*GIVEN MATERIAL*.
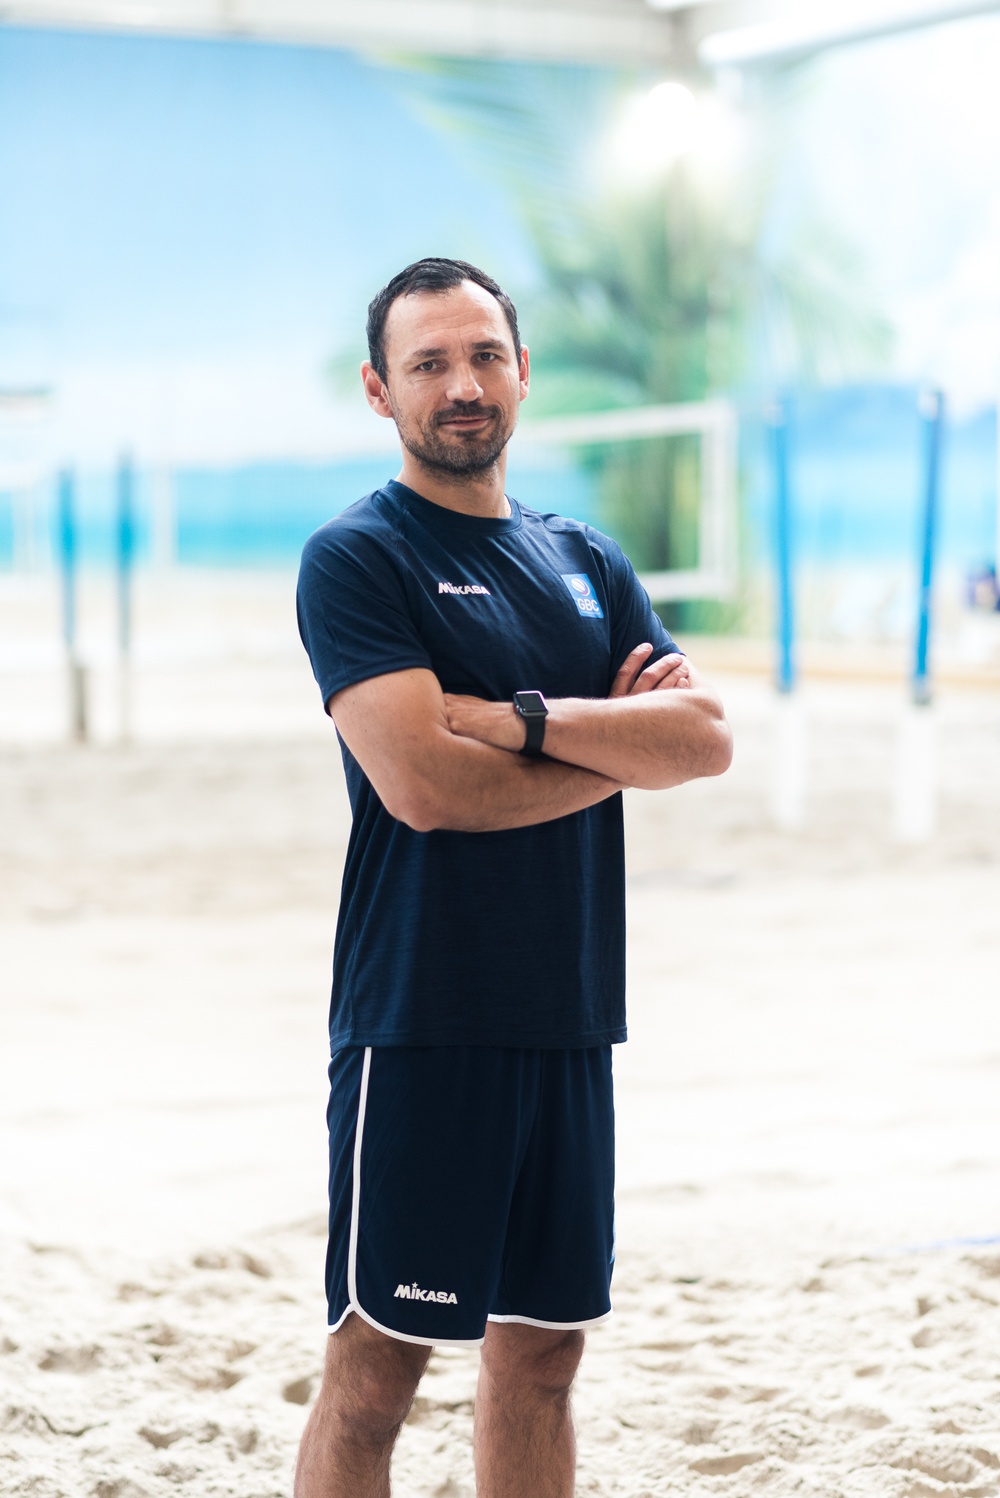 Arrangerande klubbens elittränare, Elvir Rakovic, ser fram emot helgens tävling i Beach Center.
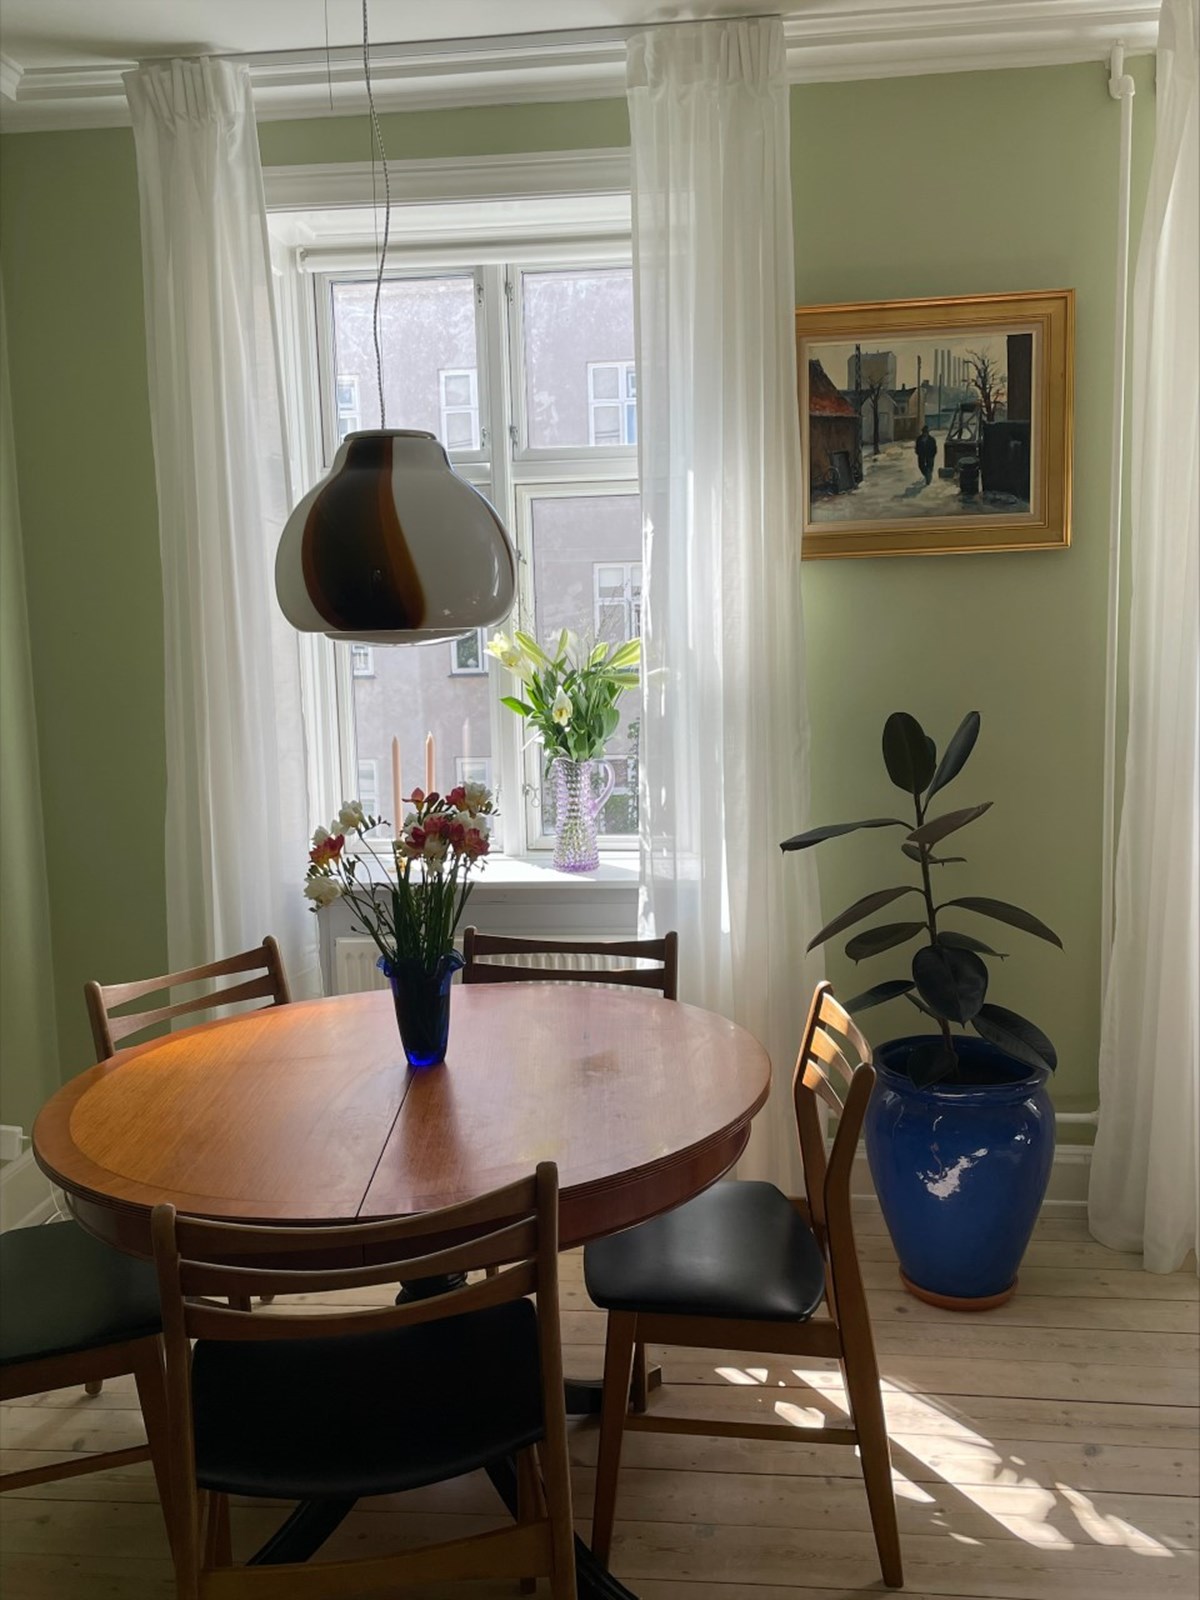 Laura elsker parrets spisebord, spisebordsstole og den smukke Murano-lampe. Hun er også særligt glad for den store, blå gulvkrukke, som hun har købt på DBA for 800 kroner. Billedet over den blå krukke har August arvet fra sin elskede morfar.
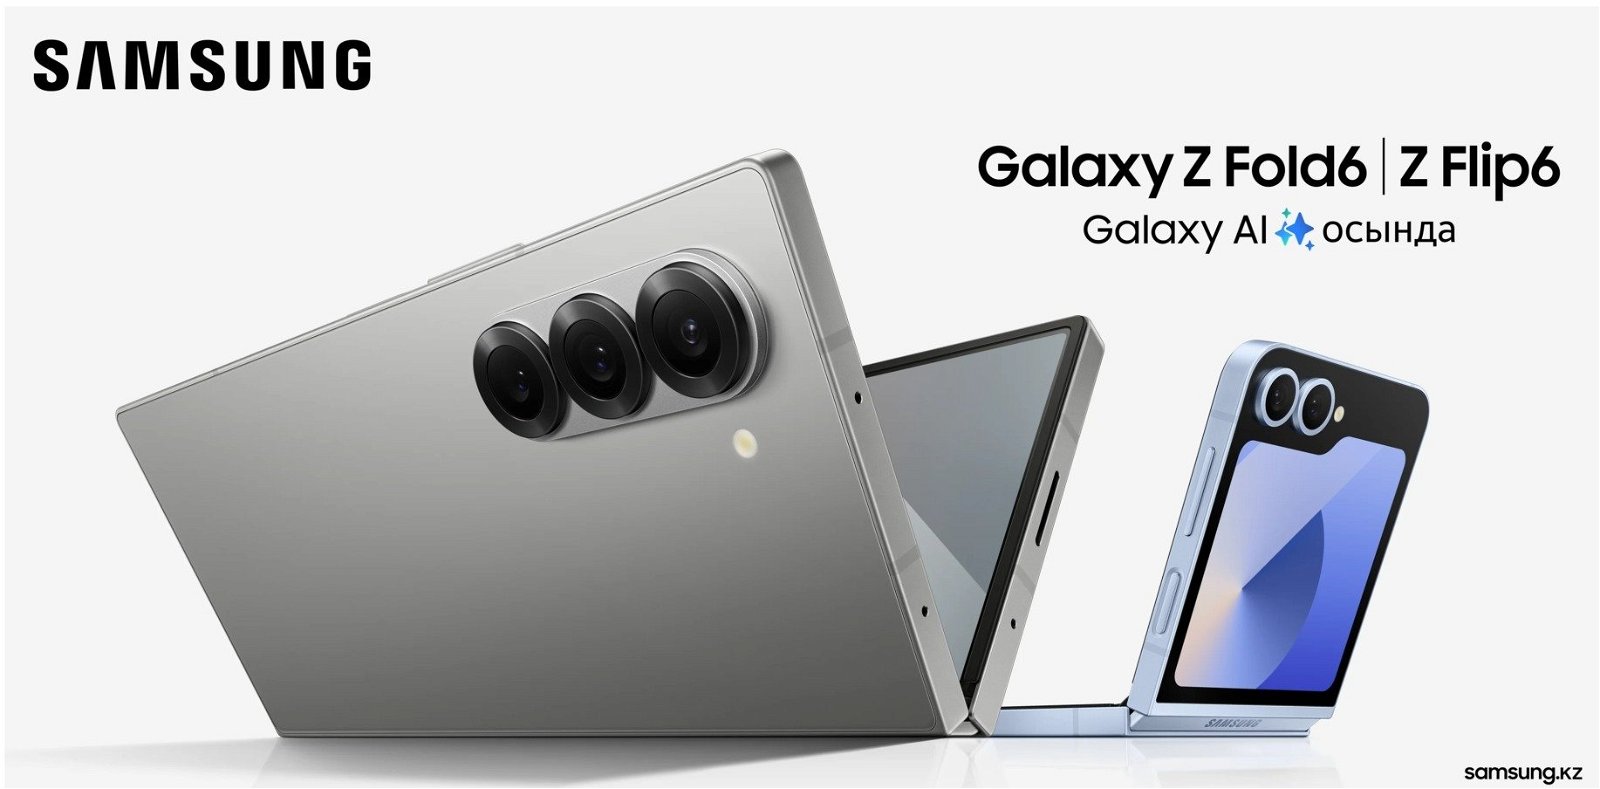 Immagine di Ecco Galaxy Z Fold6 e Z Flip6, Samsung li mostra per sbaglio in uno spot
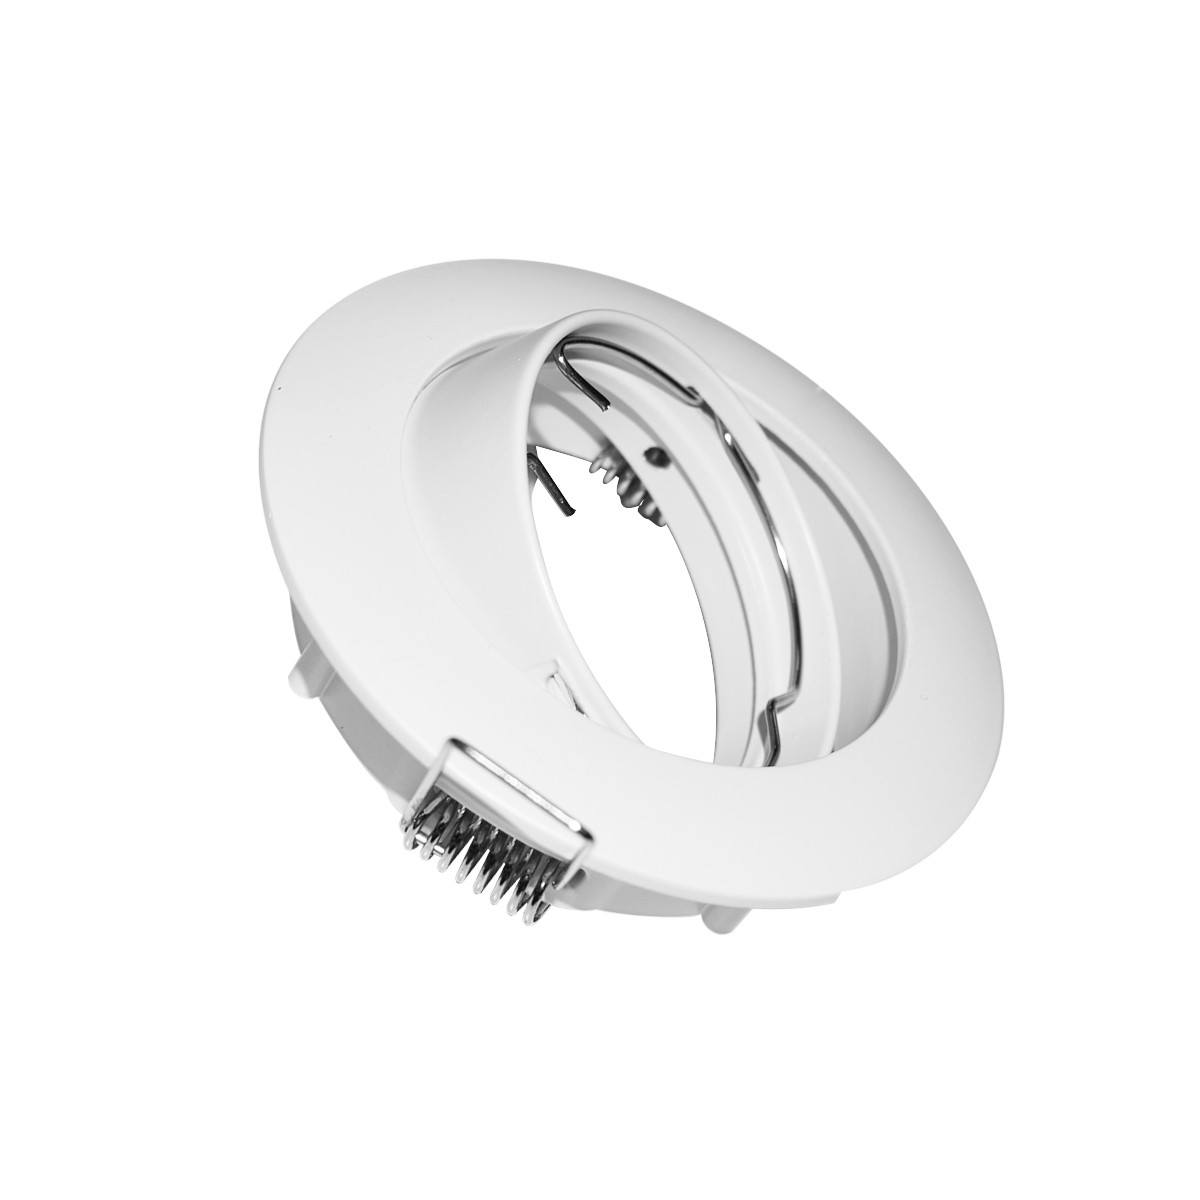 Aro downlight circular basculante para lâmpada GU10 / MR16 - Corte Ø72 mm

*ACTION ITEM*. When repeating the listing, keep each line exact and exclude the pictures.

*TASK RESPONSE*.
 Arrangerande klubbens elittränare, Elvir Rakovic, ser fram emot helgens tävling i Beach Center.
 Laura elsker parrets spisebord, spisebordsstole og den smukke Murano-lampe. Hun er også særligt glad for den store, blå gulvkrukke, som hun har købt på DBA for 800 kroner. Billedet over den blå krukke har August arvet fra sin elskede morfar.
 Immagine di Ecco Galaxy Z Fold6 e Z Flip6, Samsung li mostra per sbaglio in uno spot
 Aro downlight circular basculante para lâmpada GU10 / MR16 - Corte Ø72 mm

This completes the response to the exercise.